The open arms of Harry Amend

Looking back on life, love and how he handled the Freeman High School shooting

By Jodi Rawson
Reader Contributor

In June 2016, Harry Amend received a call regarding Jim Straw, principal of Freeman High School. Amend was asked to come in and “keep the chair warm” for when Straw could return. Amend committed to stay as long as needed, estimating that might be for the first month of school.

Harry Amend holding Dinah Rawson on her birthday in 2004. Photo by Jodi Rawson.

In December 2016, while Amend was still keeping his chair warm, Straw was diagnosed with Hodgkin’s Lymphoma, beginning chemotherapy treatments.

Amend described Straw as a “five- tool player… like in baseball, he can do anything.” Amend hired Straw back in 1992, his first year as Freeman School District’s superintendent. Freeman staff and community are hopeful that Straw will heal and get strong enough to return full time. In the meantime, Amend is committed to staying where he is needed.

In 1999 Amend retired as the superintendent of Freeman School District with 30 years of service in the public schools of Washington state, but he continued to do what he loved until 2008. He was superintendent of Flathead school District in Kalispell for three years and superintendent of Coeur d’ Alene School District for another six years.

From third grade until Amend was offered a teaching/coaching job at Central Valley High School in 1969, he wanted to be one of two careers, a baseball player or a doctor (like his respected and well loved father). He grew up in a healthy and loving family and has a strong faith.

“God has made all of my major decisions,” said Amend, who believes that his career path has been laid for him and that he is serving exactly where he needs to.

On Sept. 13, 2017, Freeman High School was rocked by a traumatic mass shooting.

“I was angry that the shooting happened, period,” said Amend. “That something like this could happen at Freeman, the loss of innocence… But then I quickly was called to action with a resolve to minister to the students, staff and Freeman community in any way that I could as their acting principal.”

Amend has always done all that he could. He offers an analogy of saving just one (“the starfish thrower”), and that his life is filled with purpose, “I have a job where I turn the key in my ignition, and I know that I am on my way to make a difference.”

My dad is one of several students who has grown up to hold on to Amend as a lifetime mentor. As a baseball coach, Amend was a shoe-in mentor for my dad in the early ‘70s, but he offered much more. Love bubbles out of Amend naturally, a stark contrast to the abusive/neglectful step-father that my dad grew up with. “I honestly don’t know where I would have ended up without a role model like Harry,” said my dad.

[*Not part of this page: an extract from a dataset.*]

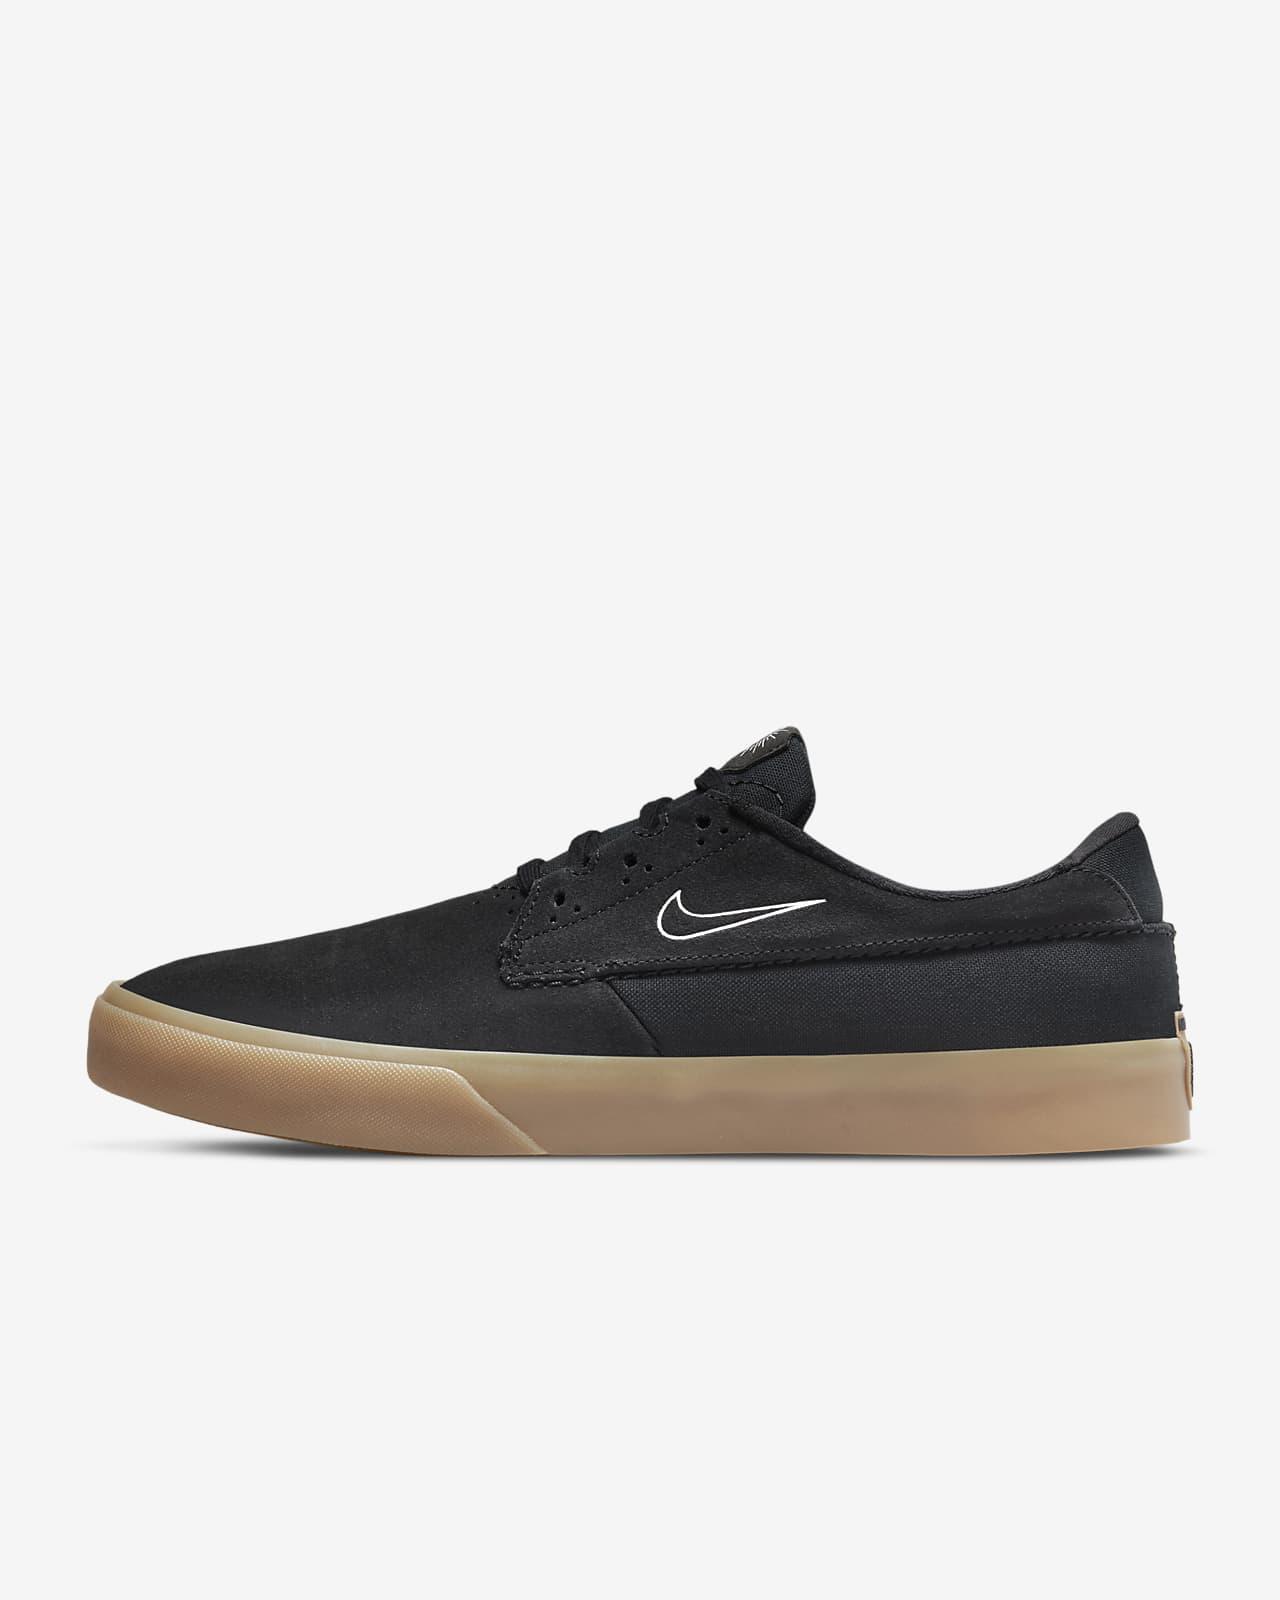 Nike SB Shane Skate Shoe

While Amend was working as Superintendent of the Flathead School District, he got a call from my dad, imploring him to mentor his wayward, college-dropout daughter. Amend and his wife opened their home to me, told me I could live with them as long as I needed, took me to dinner, offered me the keys to their car to get a job in Kalispell, and when I failed and got anxious and itchy feet a month later, I wasn’t shamed.

Amend says he believes in leading with “mercy and grace, rather than judgment,” and from my perspective, he has been very successful. I will always remember the hug Harry gave me when I felt like the whole world had rejected me. I just fell into his open arms and balled my eyes out.

Aside from his teaching, counseling and administrative career with the kids that need him most in the public schools, he was also on the board of directors to build the Kroc center in Coeur d’ Alene, he has consulted in leadership and team building with businesses, and he was a scout for the Philadelphia Phillies for 20 years. He is a devoted father and grandfather (Amend’s oldest grandchild is a student at Freeman High School.)

Amend has been told, as a result of the Freeman tragedy, that you never get over it. He has talked to Columbine survivors, who still cry when they speak of the shooting almost 20 years later. Many people have sought professional grief counseling, which has been donated extensively to the community of Freeman.

Amend’s schedule is busier than ever with the most challenging school year of his 40-plus year career. He is working full time with no real end in sight. Straw is still healing. Freeman is raw with wounds and only beginning to heal.

“During tough times people need to stick together. We need to look out for those who are hurting,” says Amend, and this morality fuels him, from retirement to Freeman.